By Andrew Gray and Bart Biesemans
VREDEPEEL, Netherlands (Reuters) – NATO wrapped up a major anti-drone exercise this week, involving Ukraine for the first time, as the Western alliance urgently seeks to learn from the rapid development and widespread use of unmanned systems in warfare there.
The exercises at a Dutch military base, involving more than 20 countries and some 50 companies, tested state-of-the-art systems for detecting and countering drones and assessed how they work together.
The 11-day exercise ended with a demonstration of drone jamming and hacking in a week that once again demonstrated their pivotal role in the Ukraine war.
On Wednesday, a major Ukrainian drone strike caused an earthquake-sized explosion at a major Russian arsenal. The next day, Russian President Vladimir Putin said Moscow was increasing drone production tenfold to nearly 1.4 million this year.
The proliferation of drones in warfare (to destroy targets and monitor the battlefield) has led NATO to pay greater attention to the threat they could pose to the alliance.
“NATO takes this threat very, very seriously,” said Matt Roper, head of the Joint Intelligence, Surveillance and Reconnaissance Center at the alliance’s technology agency.
“This is not an area where we can afford to sit back and be passive,” he said at the exercise site, Lieutenant General Best’s headquarters in the eastern Netherlands.
Experts have warned NATO that it needs to catch up quickly on drone warfare.
“NATO has too few drones for a high-intensity fight against a peer adversary,” the Centre for European Political Analysis (CEPA) think tank said in a report last September.
“It would be very difficult to effectively integrate those you have in a contested environment.”
EVOLUTION OF THE THREAT
The drills that ended Thursday (with ice cream for spectators provided by a radar company) were the fourth annual iteration of the exercise.
Claudio Palestini, co-chair of a NATO working group on unmanned systems, said the exercise had adapted to trends such as the transformation of FPV (first-person view) drones, originally designed for civilian racers, into lethal weapons.

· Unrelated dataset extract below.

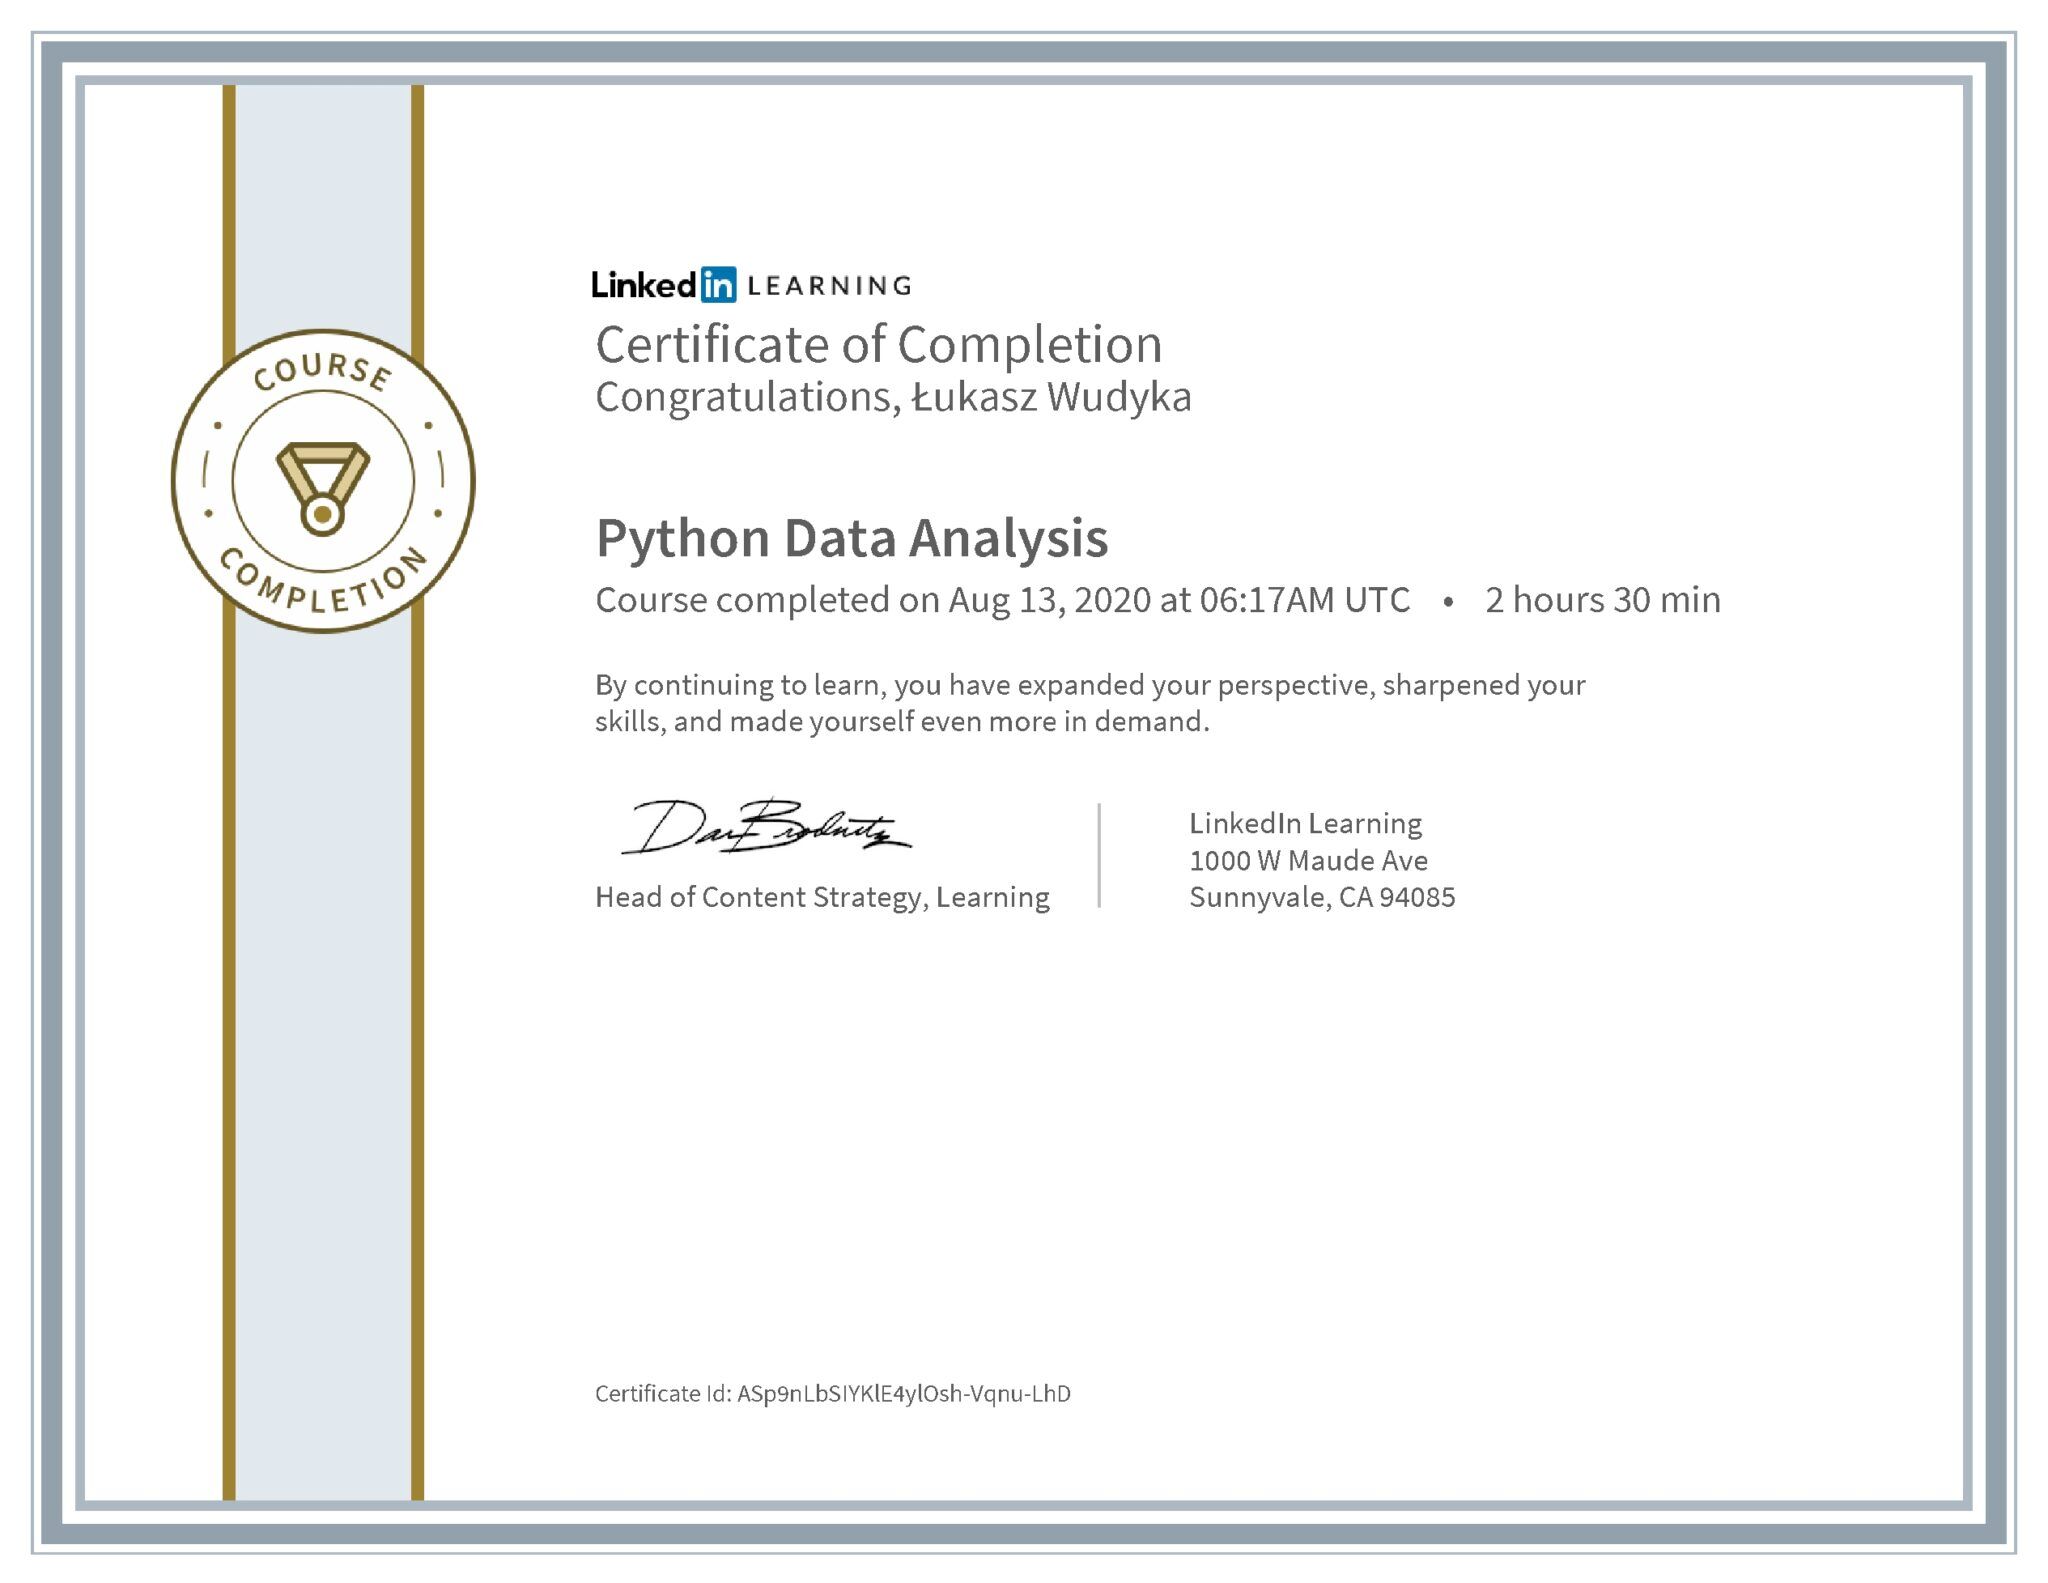 Łukasz Wudyka certyfikat LinkedIn Python Data Analysis
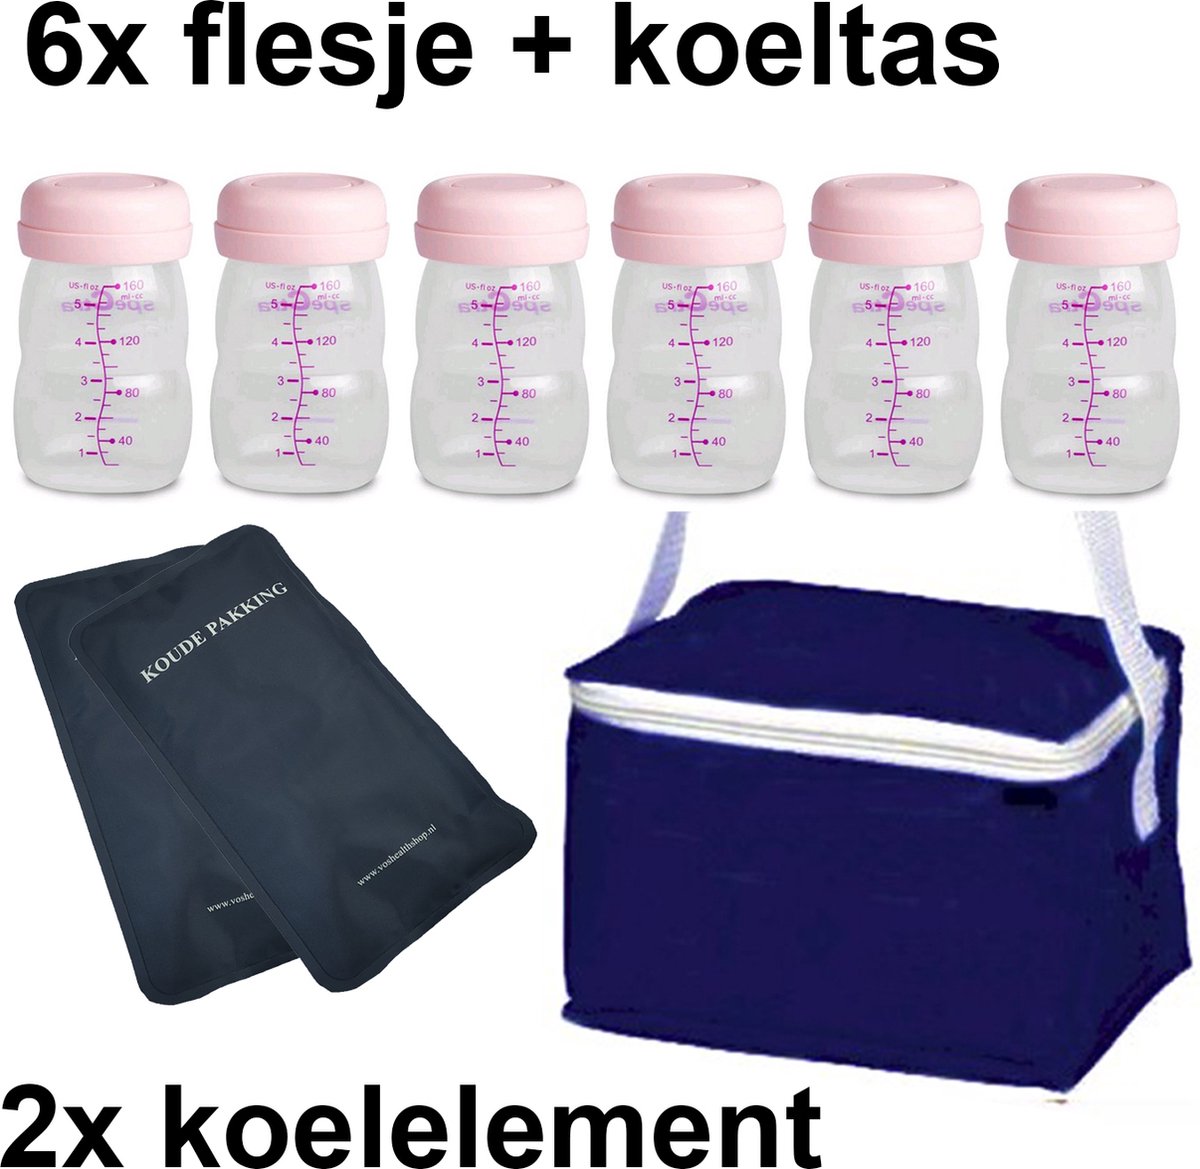 Moedermelk flesjes - 6 x 160ml - met blauw koeltasje en koelelementen - borstvoeding flesjes - BPA vrij

“Every year we see an evolution of the threat with the introduction of new technologies,” he said. “But we also see that many capabilities (to counter drones) are becoming more mature.”
In a demonstration on Thursday, two small FPV drones whirred and whined at high speed through the blue sky to circle an all-terrain military vehicle before their signal was blocked.
This type of electronic warfare is widespread in Ukraine, but is less effective against long-range reconnaissance drones, according to a technology developer at the Ukrainian Ministry of Defense.
The official, who gave only his first name, Yaroslav, for security reasons, said his team had developed kamikaze drones to destroy such ships, a much cheaper option than firing missiles, as Ukraine has done previously.
“We have to move fast,” he said of the race to counter the impact of drones. “The technology that is developed lasts three months, maybe six months. After that, it becomes obsolete.”